Улыбаюсь и машу на прощание. Она права. Что-то определенно во мне не так. Дело ли в механическом клапане в моем сердце, что отвратил от меня желание к живому и потному? Мне не нужен секс, мне не нужна страсть, природа моих чувств исключительно платонична, а это фатально для молодого человека моего возраста – уничтожаю себя фактами, пока бреду, обливаясь потом, до вокзала. И все же в ее округлостях, в ее голосе содержится нечто, что тянет и отталкивает меня одновременно, нечто, чего я боюсь и жду. Два года с Лерой, двадцать четыре месяца тишины – действие пакта о ненападении, мир без панических атак. Неужели теперь они вернутся? При мысли об ускользающем спокойствии я холодею и желаю повернуть назад, но передо мной уже двери электрички. Стук колес, встречный ветер, накрапывающий дождь. В такую погоду хорошо читать «Мастера и Маргариту» или переживать драматичные сцены с прощанием. Жаль, у меня не было ни первого, ни второго.

2

После расставания с Лерой я потерялся для социальной жизни в лаборатории и учебниках по микробиологии – мама заглядывает ко мне в комнату и уговаривает лечь в постель. Часто вижу ее такую: растрепанную, просыпающуюся в два часа ночи от беспокойства, что взрослый сын еще не спит… Но за два года я изменился, меня больше не удручают утренние оладьи, театрально-наигранные отношения, загадочное распределение физических благ… Все лишнее отошло на второй план, наступило время для тихого счастья: многочасовая работа освобождает и от кошмаров, и от привычных терзаний. Не это ли называется примирением с судьбой? В любом случае, более умиротворенное и покойное состояние мне незнакомо.

Мои первые научные публикации, посвященные действию Т-хелперов, вызвали интерес со стороны профессионального сообщества, и передо мной, наконец, открылись заслуженные перспективы. Когда жизнь идет в правильном направлении, можно ли выдохнуть? Увы, нет, ведь Мойры[6] любят вплести новую нить: лечащий врач настоял на смене клапана. Мне предстоит операция, и в случае отсутствия осложнений – неделя больницы и месяцы терапии. Отложенная на полгода жизнь, отсроченный выпуск из ВУЗа, ехидное «в случае…» – после посещения врача прилепляюсь носом к окну в ожидании, пока вестибулярный аппарат отмерит верный угол. Одиссей в преддверии заточения у Калипсо[7].

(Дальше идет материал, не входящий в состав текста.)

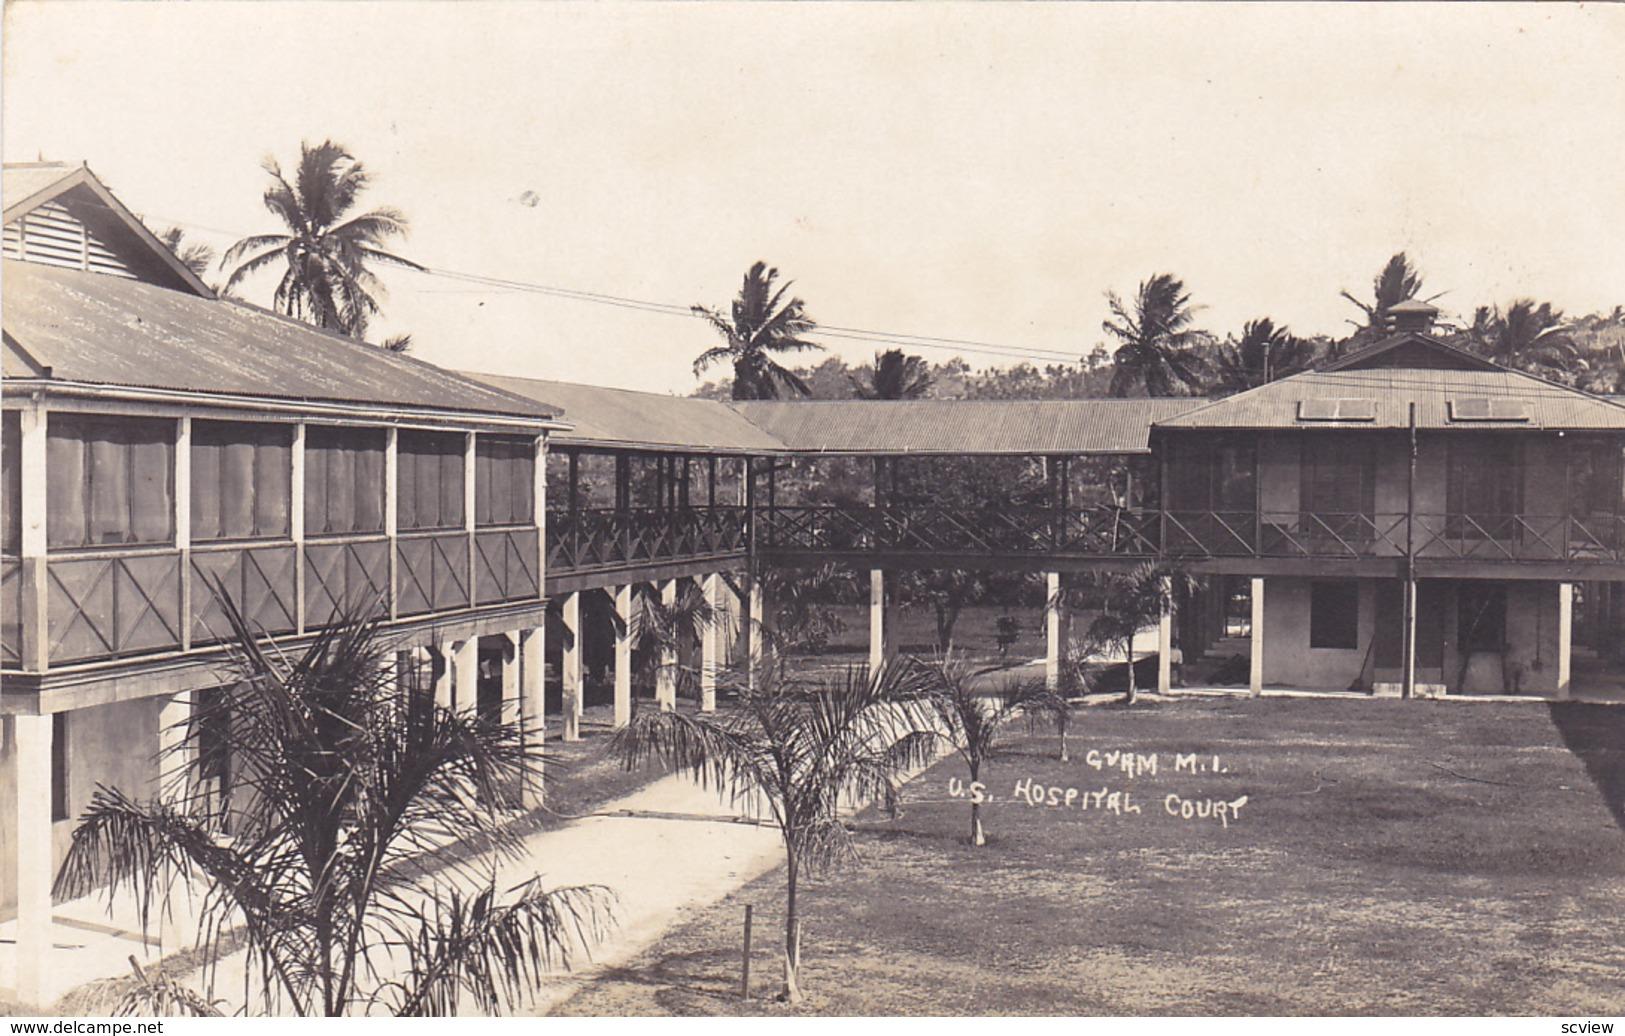 RP: U.S. Hospital Court , GUAM , 00-10s - Guam
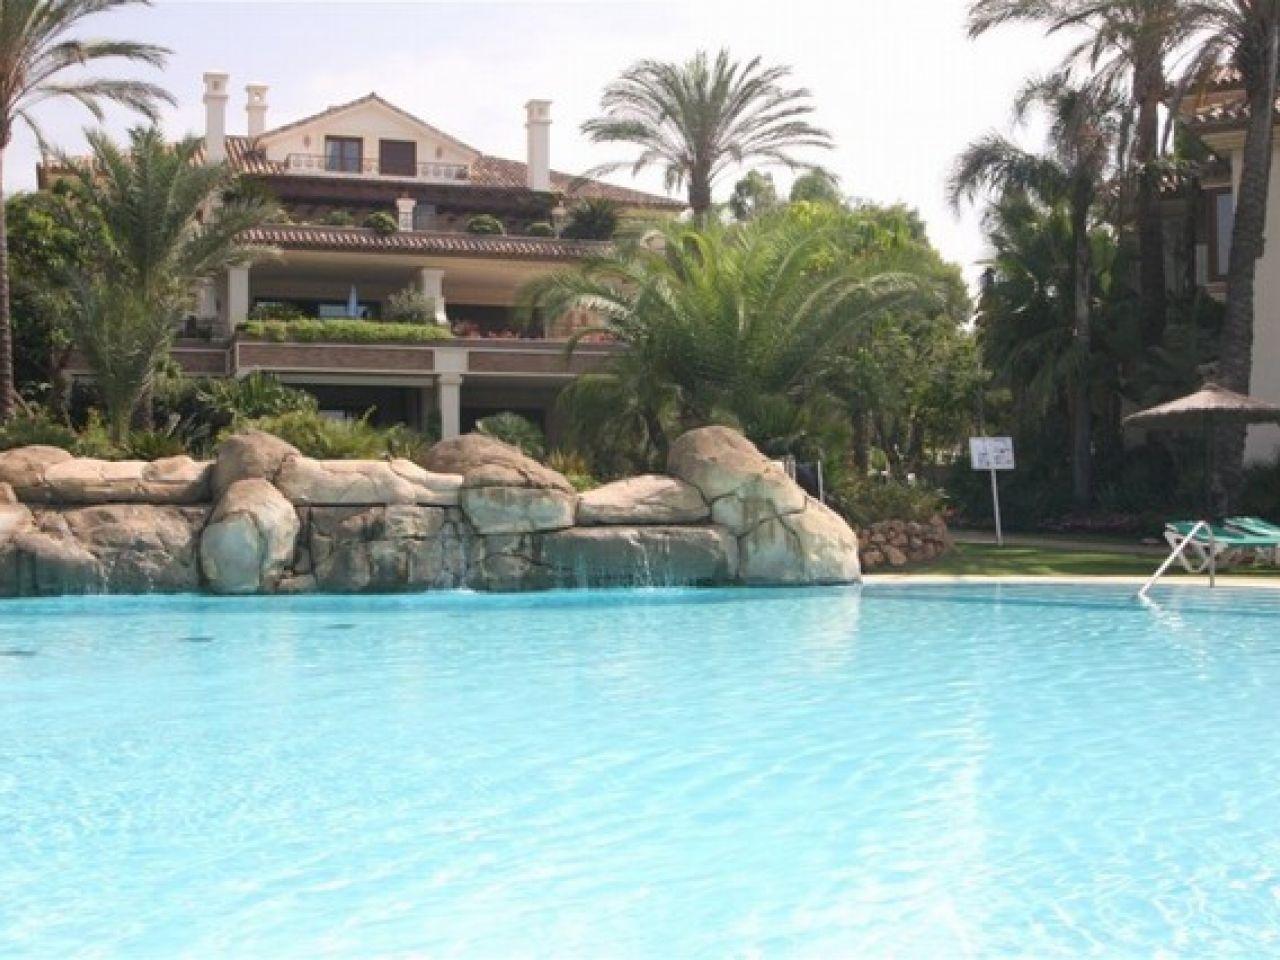 Apartment for Sale and Rent in Los Monteros Playa, Marbella Este

Мое сердце отключат, оно не будет перемещать кровь – на несколько часов я превращусь в безвольную куклу. В лучшем случае, впоследствии – пара дней интенсивного загара в реанимации. Единственное, что помогает справиться со страхом – сказки Валерии. Она приходит с ними вечером, накануне отъезда в больницу, забирается ко мне в постель и хрустит зелеными яблоками и страницами пухлой книги. Мелкие вдавленные буквы не разобрать на темно-коричневой обложке – не узнать, что она мне читает; сквозь дрему до меня доносится рассказ о снежных заносах и упрямых героях, которые, преодолевая стихию, выбираются со станции. Куда они направляются? Вместо того чтобы пережидать в тепле, им непременно нужно сражаться с непогодой. «Существует птица Нулла – редкий вид, которая поет за закрытым окном, – прислушиваюсь я то ли к Лере, то ли к голосу из сна. – Ее пение можно расслышать в зимнее время, если направить внимание за узорчато-непроглядное стекло, на улицу, где ярко светит солнце. Но едва ли можно надеяться узнать, кто же она на самом деле – та, которая поет прекрасную и тоскливую песню. Немногие путники решались посмотреть на нее, да и то – те, кто осмеливались, делали это по принуждению, ведь никто, у кого есть теплый дом, не впустит холод с улицы. Но ходят слухи, что путник, который вылезает в окно и вопреки сильнейшему желанию уснуть на морозе ловит перо, слетевшее с ее хвоста, узнает ее имя; однако случаи те редки, да и рассказы о них неправдоподобны»…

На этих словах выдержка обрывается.